Added feature to interpret links to description in the yaml intrument configuration file and added them at the dataset level as attributes.

2024-05-09 19:17:08 +02:00
parent 1429c56916
commit 1729cd40fa
1 changed files with 19 additions and 9 deletions
--- a/src/g5505_file_reader.py
+++ b/src/g5505_file_reader.py
@ -5,6 +5,7 @@ import pandas as pd
 from igor2.binarywave import load as loadibw
 import src.g5505_utils as utils
 from src.metadata_review_lib import parse_attribute
 import yaml
 import h5py
@ -104,6 +105,14 @@ def read_txt_files_as_dict(filename : str ):
            separator = config_dict[key].get('separator',separator).replace('\\t','\t')
            table_header = config_dict[key].get('table_header',table_header)
            timestamp_variables = config_dict[key].get('timestamp',[])
            description_dict = {}
            link_to_description = config_dict[key].get('link_to_description',[]).replace('/',os.sep)
            with open(link_to_description,'r') as stream:
                try:
                    description_dict = yaml.load(stream, Loader=yaml.FullLoader)
                except yaml.YAMLError as exc:
                    print(exc)
            break
    #if 'None' in table_header:
    #    return {}
@ -184,6 +193,16 @@ def read_txt_files_as_dict(filename : str ):
            file_dict['datasets'].append(dataset)
            rows,cols = dataset['shape']
            try:
                dataset['attributes'] = description_dict['table_header'].copy()
                for key in description_dict['table_header'].keys():
                    if not key in numerical_variables:
                        dataset['attributes'].pop(key) # delete key
                    else:
                        dataset['attributes'][key] = parse_attribute(dataset['attributes'][key])
            except ValueError as err:
                print(err)
            dataset = {}
            numerical_variables= [item.encode("utf-8") for item in numerical_variables]
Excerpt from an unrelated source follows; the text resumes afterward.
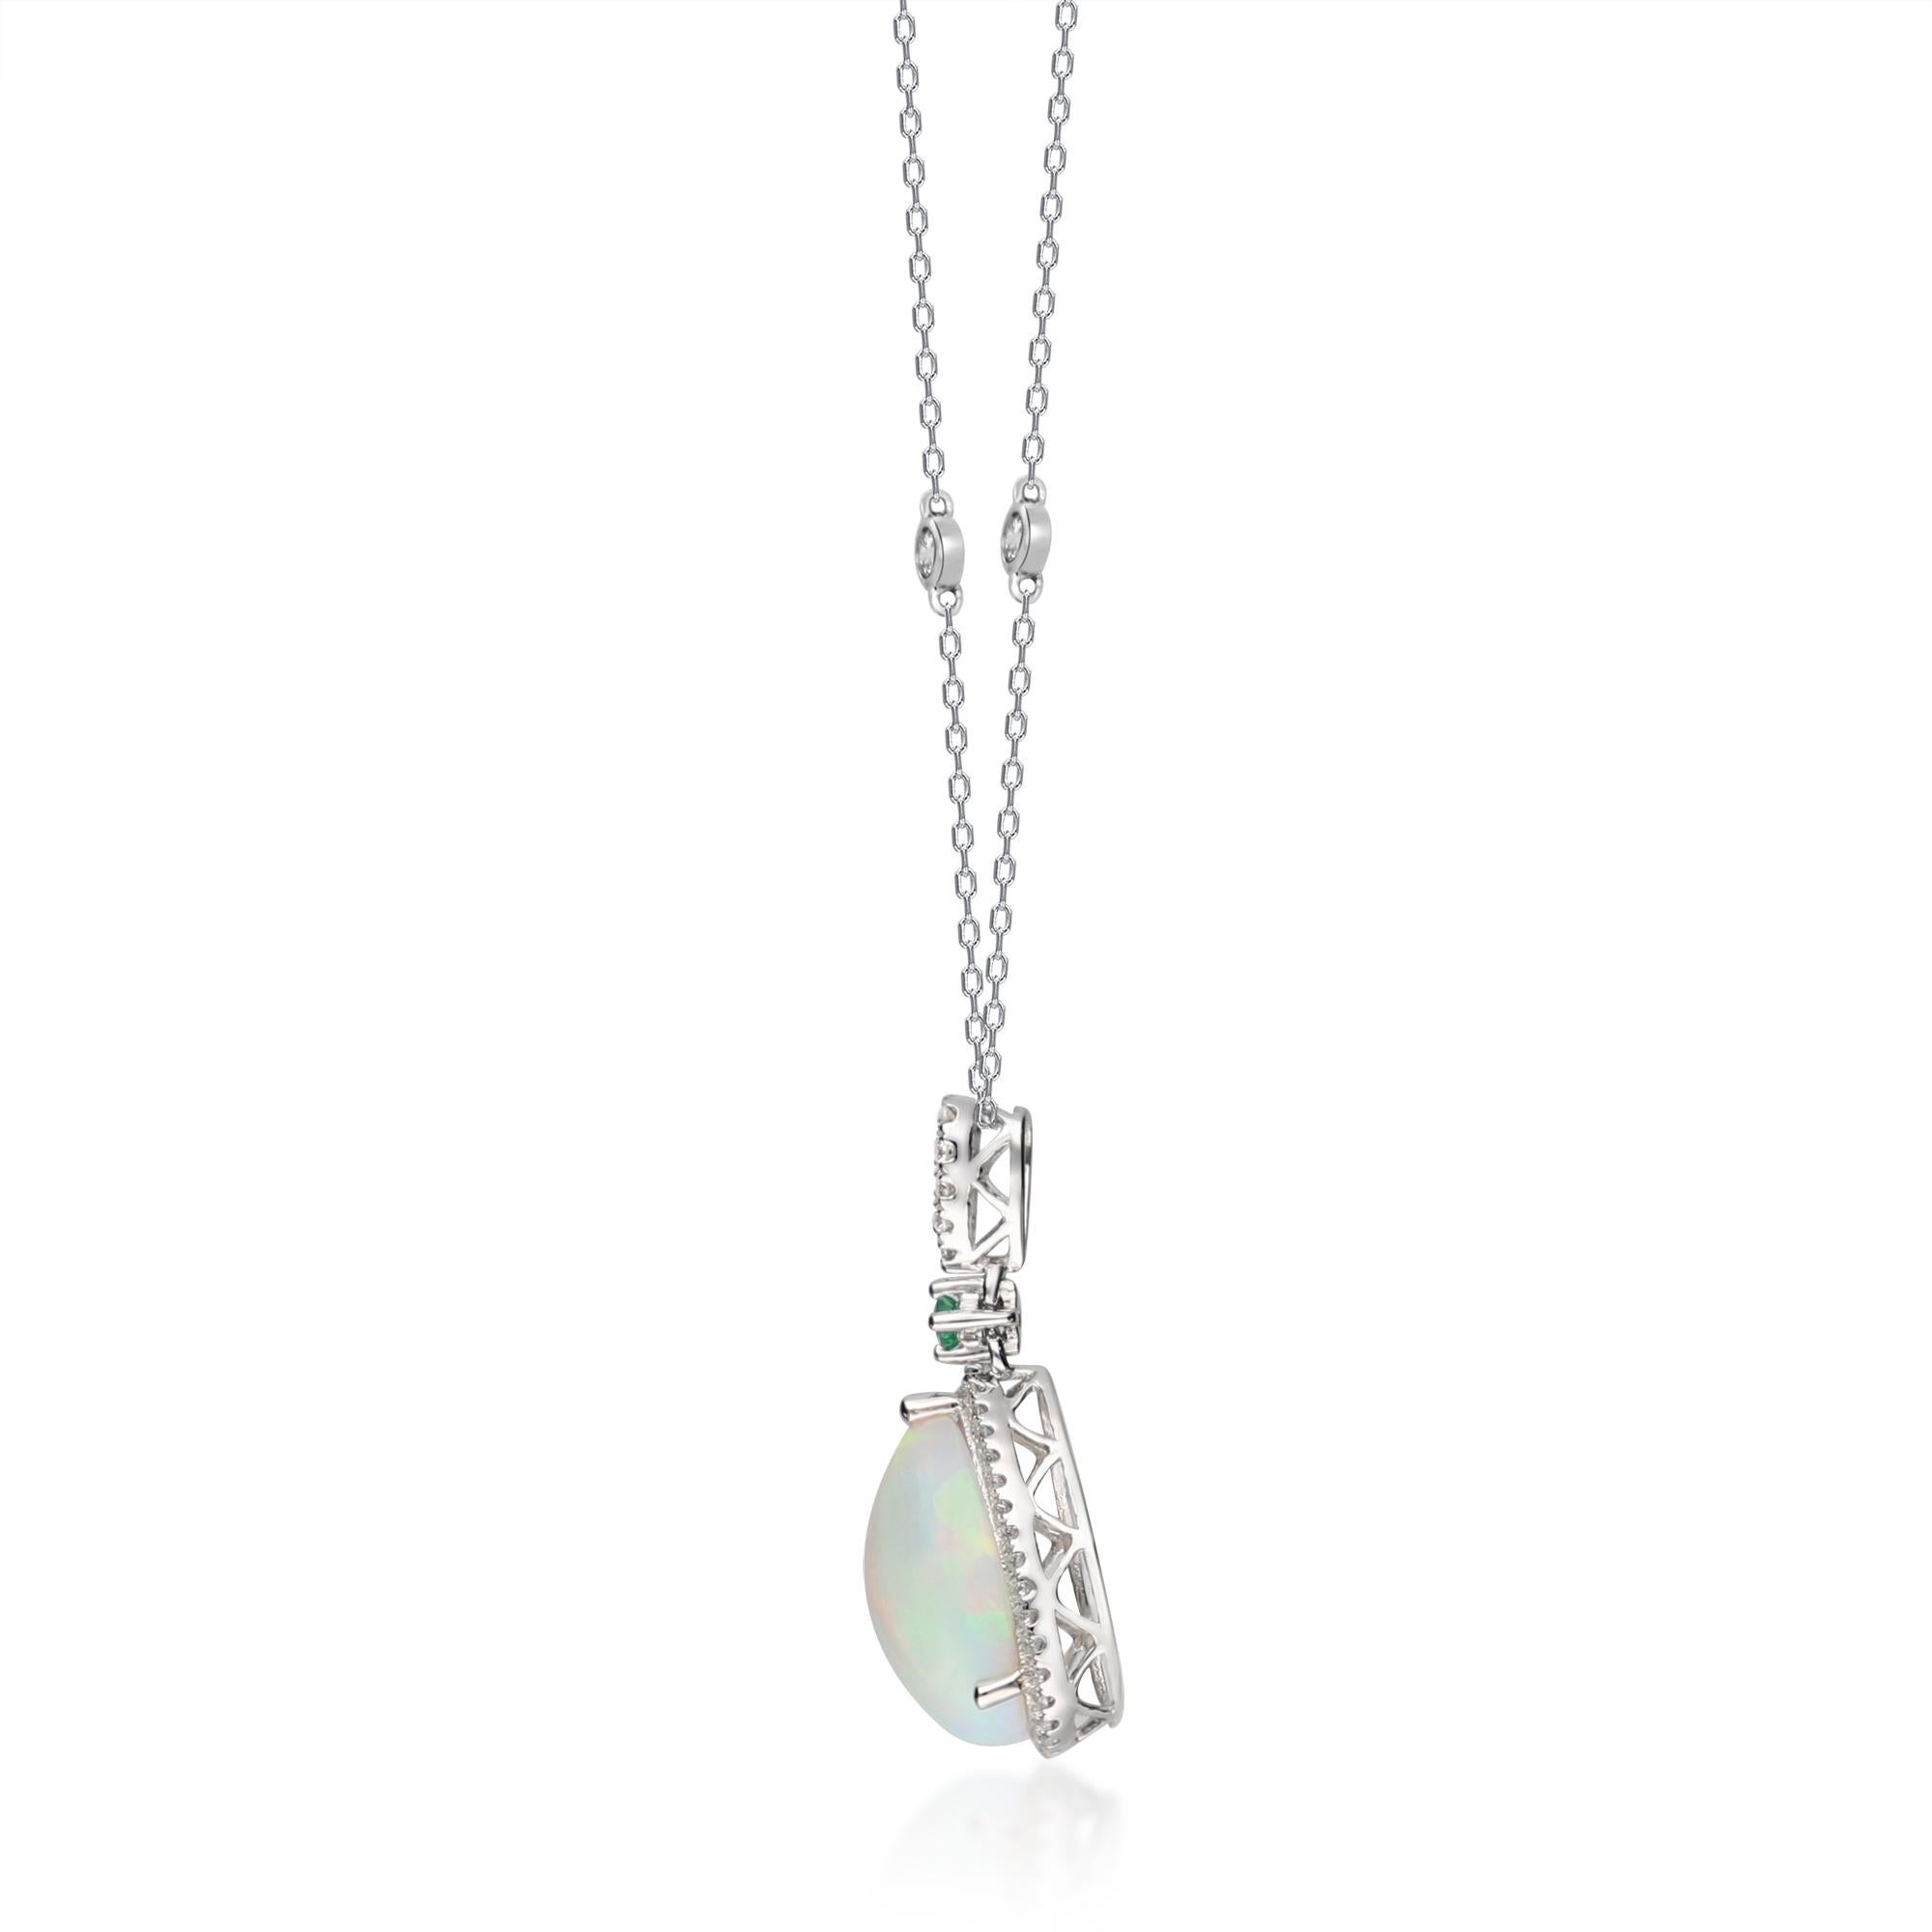 This magnificent opal Pendant is crafted in 14-karat white gold and features a pear shaped 2.62 carat Ethiopian Opal, 0.05 carat Round cut emerald and 49 Round Diamonds in GH- I1 quality with 0.37 ct. in a prong-setting. 
This pendant comes with 18

            dataset['name'] = 'numerical_variable_names'
@ -192,15 +211,6 @@ def read_txt_files_as_dict(filename : str ):
            dataset['dtype'] = type(dataset['data'])
            file_dict['datasets'].append(dataset)            
        #if 'timestamps' in categorical_variables:
        #    dataset = {}
        #    dataset['name'] = 'timestamps'
        #    dataset['data'] = df_categorical_attrs['timestamps'].to_numpy().reshape((rows,1))
        #    dataset['shape'] = dataset['data'].shape
        #    dataset['dtype'] = type(dataset['data'])
        #    file_dict['datasets'].append(dataset)            
        #    categorical_variables.remove('timestamps')
        if categorical_variables:
            dataset = {}
            dataset['name'] = 'categorical_variables'